The fact that Google lists / finds both pages like: example.com/page-one/ and example.com/page-one/#section2 is a little worrying.
It shouldn't cause worry. It means that a human searcher is sent directly to the part of the page that contains the desired content. I see this regularly. (Not in logs, of course, but in analytics.) I first noticed it years ago with fragment anchors attached to headers, but now see it with almost any type of anchor, like individual images or even page numbers--that is, page numbers of books, where the anchor appears in the middle of nowhere, not attached to any element. (And then I'm left wondering what, say, is so especially interesting on page 239 of Directions to Servants, but it can't be helped.)

It doesn't mean Google is crawling the same page redundantly; a single crawl reveals all the anchors.

Selen

6:03 pm on Jan 21, 2019 (gmt 0)

10+ Year Member Top Contributors Of The Month



Yes, thanks - so you suggest that I don't implement this JS anchor removal at all? (in this case some people link to URLs containing the /#sectionX fragment so that's how Google finds them - I just hope Google doesn't consider such pages/links as duplicate or some kind of manipulation).

phranque

11:17 pm on Jan 21, 2019 (gmt 0)

WebmasterWorld Administrator 10+ Year Member Top Contributors Of The Month



don't remove the named anchors!

the technical term for this is document fragment identifier.
from Section 4. URI References of RFC 2396 [ietf.org]:
A URI reference may be absolute or relative,
and may have additional information attached in the form of a
fragment identifier. However, "the URI" that results from such a
reference includes only the absolute URI after the fragment
identifier (if any) is removed and after any relative URI is resolved
to its absolute form.


in google terms this means google will crawl the document and if a meaningful usage of fragment ids is found google may link to these document fragments in the search results.

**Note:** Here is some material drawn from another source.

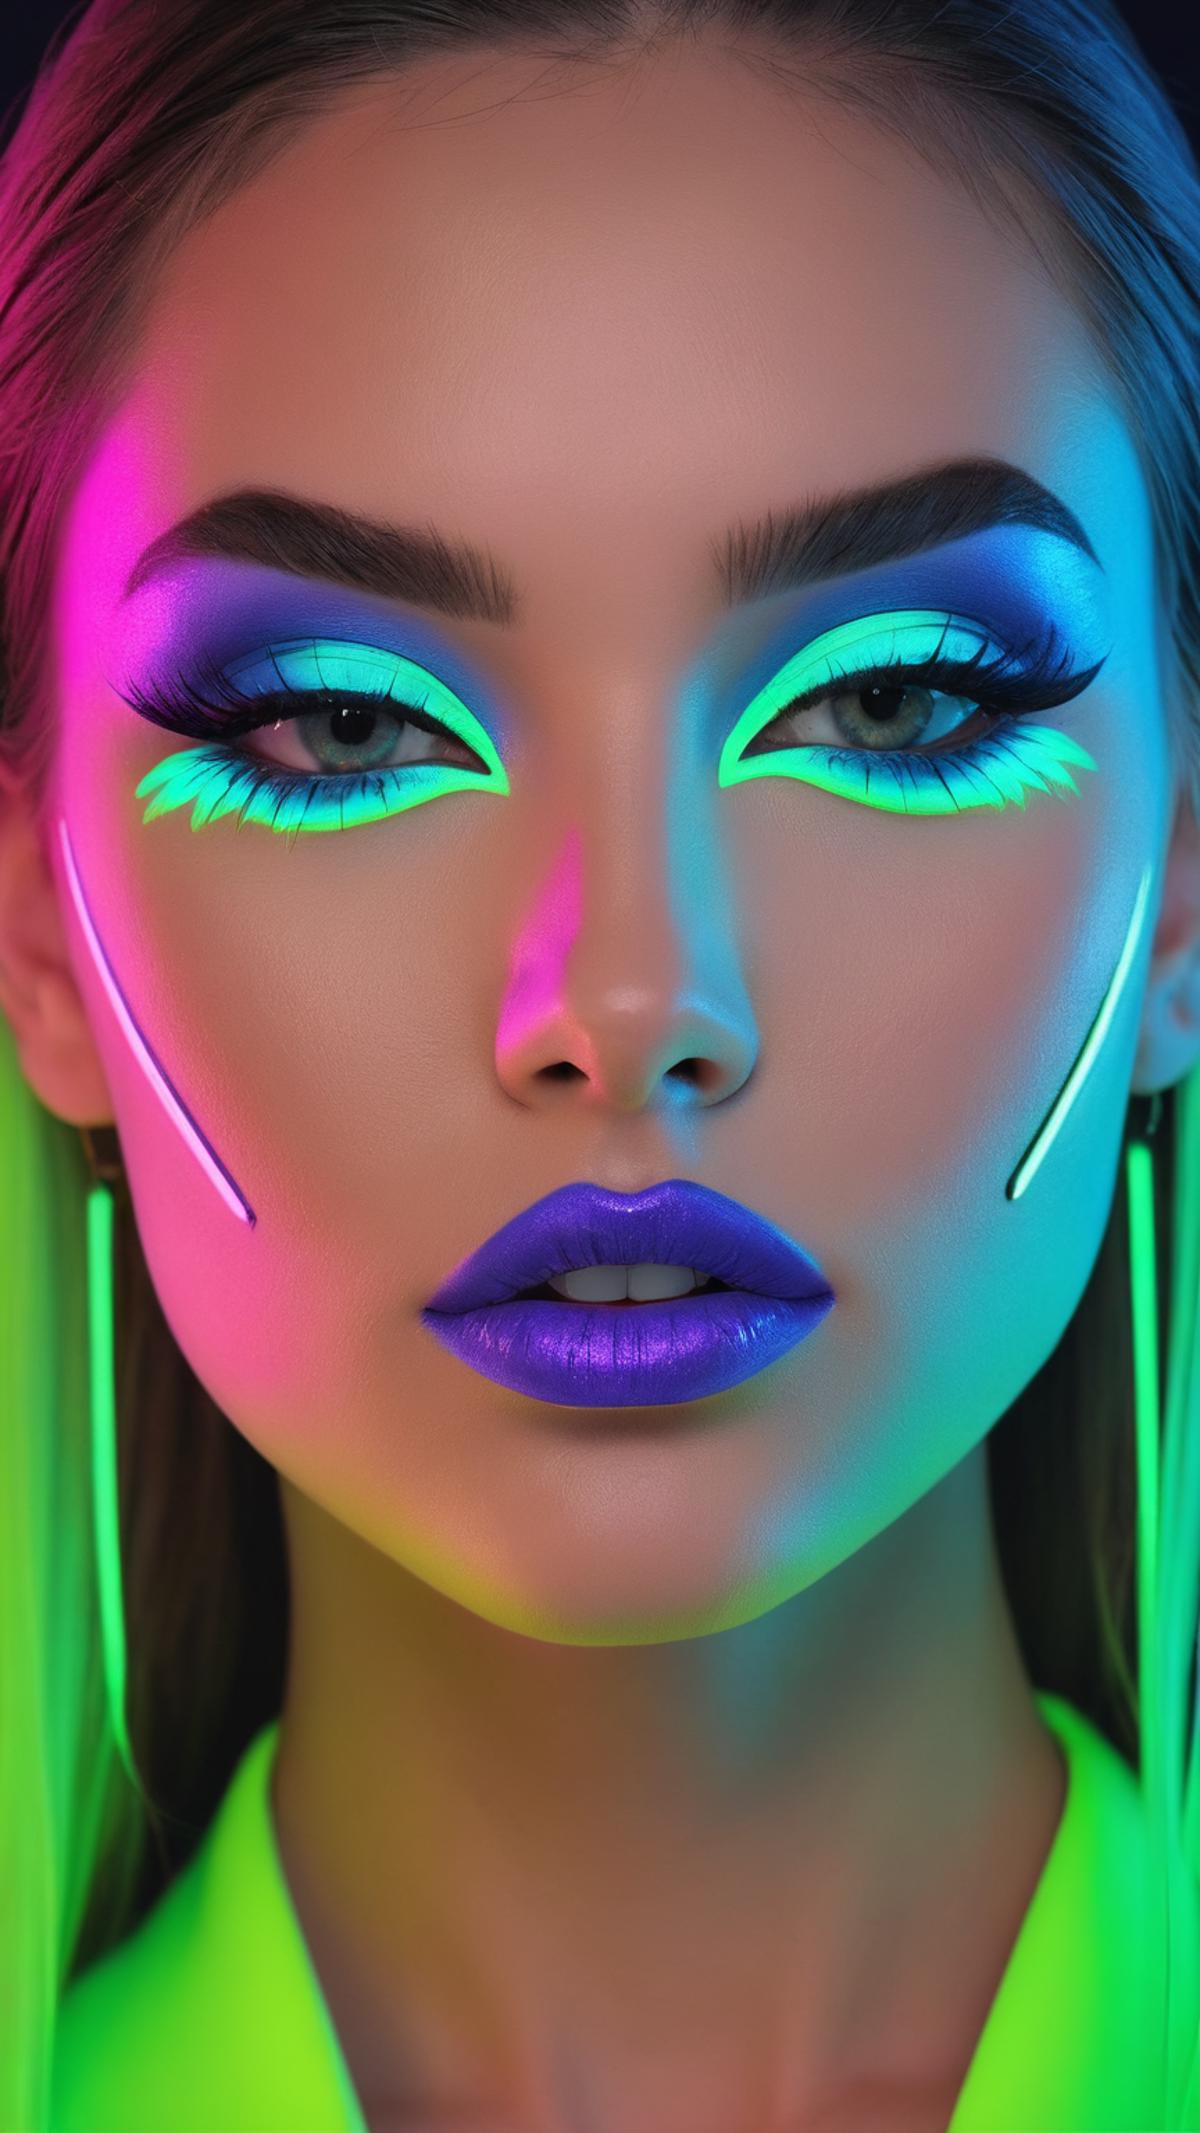 A woman with blue lipstick, green eyeshadow, and neon lighting on her face.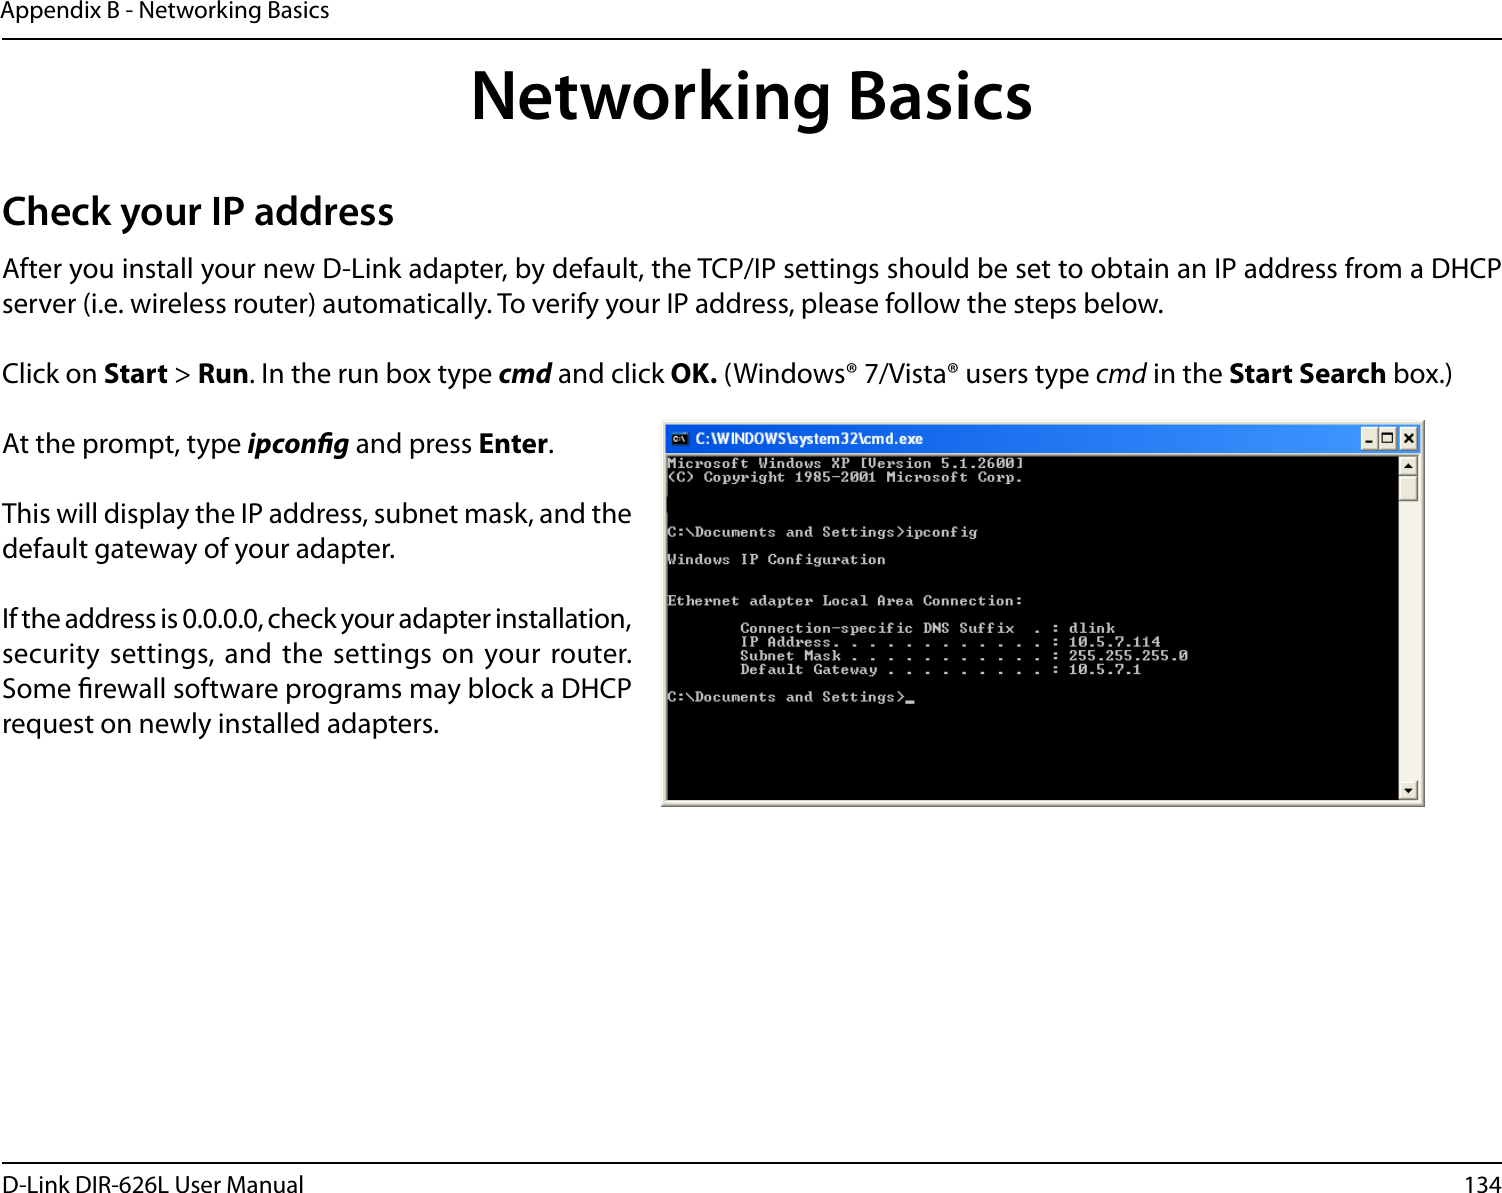 134D-Link DIR-626L User ManualAppendix B - Networking BasicsNetworking BasicsCheck your IP addressAfter you install your new D-Link adapter, by default, the TCP/IP settings should be set to obtain an IP address from a DHCP server (i.e. wireless router) automatically. To verify your IP address, please follow the steps below.Click on Start &gt; Run. In the run box type cmd and click OK. (Windows® 7/Vista® users type cmd in the Start Search box.)At the prompt, type ipcong and press Enter.This will display the IP address, subnet mask, and the default gateway of your adapter.If the address is 0.0.0.0, check your adapter installation, security  settings, and the  settings on your router. Some rewall software programs may block a DHCP request on newly installed adapters.

more from the "Webmaster Central Blog":
Using named anchors to identify sections on your pages [webmasters.googleblog.com]

tangor

3:17 am on Jan 22, 2019 (gmt 0)

WebmasterWorld Senior Member 10+ Year Member Top Contributors Of The Month



This is ordinary behavior, and in fact is a benefit in refining your content to express user queries. g and the rest have been dealing with #fragments for many years. :)

No worries!